Felt Z4 disc perhaps?

http://www.wiggle.co.uk/felt-z4-disc-2015/


----------



## SWSteve (2 Aug 2015)

Giant Defy disc?


----------



## apb (3 Aug 2015)

don't waste your money

http://road.cc/content/news/159503-...tdf-says-man-who-completed-it-raleigh-chopper


----------



## apb (3 Aug 2015)

seriously, why carbon, why disc brakes.

Have you done that kind of distance before (i know you done a lot of touring) but really light weight touring. If so do you think they will bring that much to the table.

I've been asking myself the same questions as i have found space in my house for a n+1

I was thinking of a bowman pilgrims frameset build, not carbon. but i think you see a lot more high end alu bikes in the future.


----------



## steveindenmark (3 Aug 2015)

apb said:


> seriously, why carbon, why disc brakes.
> 
> Have you done that kind of distance before.
> 
> ...



First of all I Have no intention of entering that race. Do you think Im nuts?

Why Carbon?........i dont have a Carbon bike. But I dont have Ti bike either.

Why disk? .......for the same reason, plus better stopping power and no more skuffed rims.


----------



## steveindenmark (3 Aug 2015)

apb said:


> don't waste your money
> 
> http://road.cc/content/news/159503-...tdf-says-man-who-completed-it-raleigh-chopper



My other bike is a Kickbike and in 2013 a group of the worlds best Kickbikers rode the entire TDF course a day in front of the Tour. This year they rode Paris - Roubaix. So I know you dont need fancy gear. But I like fancy gear and I spend a lot of time on bikes, all through the year.


----------



## steveindenmark (4 Aug 2015)

I have been told to take Carbon off the table as I have been known to crash bikes. The last one was while clipped in on my kitchen floor. Carbon apparently doesnt like being crashed.

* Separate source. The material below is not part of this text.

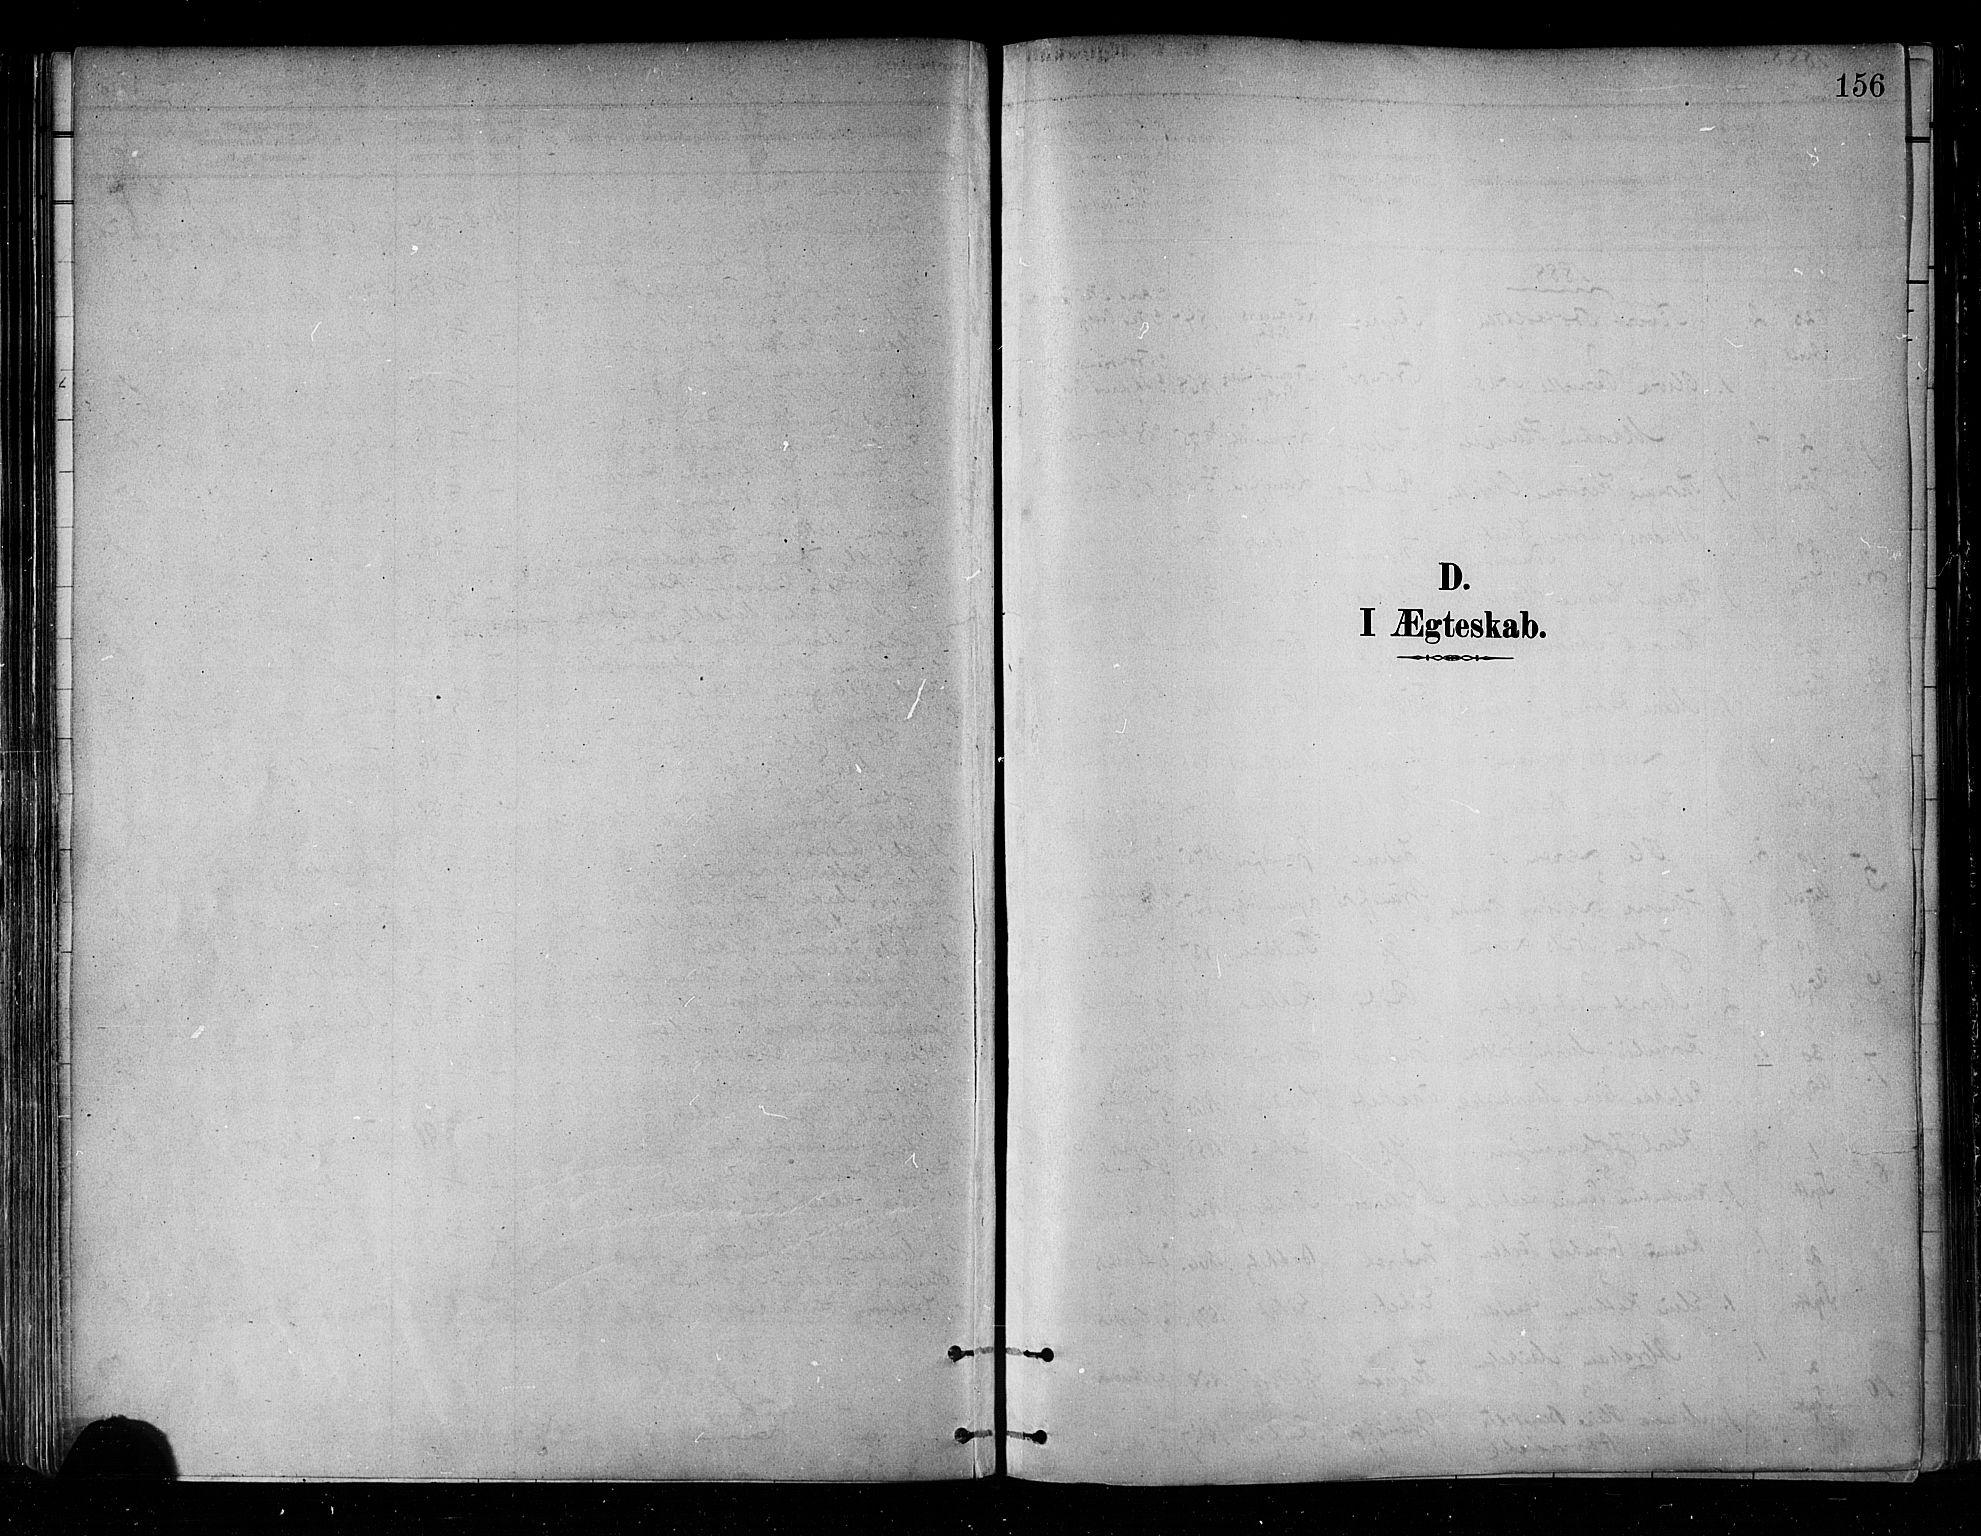 SATØ, Skjervøy sokneprestkontor, H/Ha/Haa/L0010kirke: Ministerialbok nr. 10, 1887-1898, s. 156

That opens the choices up a lot.


----------



## apb (4 Aug 2015)

oh i just saw this in a cycling mag and thought of your post

http://www.merida-bikes.com/en_gb/b.../disc-road-bike/2015/ride-disc-3000-3851.html

or for £100 over your budget

http://www.merida-bikes.com/en_gb/b.../disc-road-bike/2015/ride-disc-5000-3850.html

http://road.cc/content/news/152411-just-merida-ride-disc-5000


----------



## jowwy (4 Aug 2015)

Ti


----------



## Dayvo (6 Aug 2015)

Nip over to Malmo or somewhere and get a Nishiki.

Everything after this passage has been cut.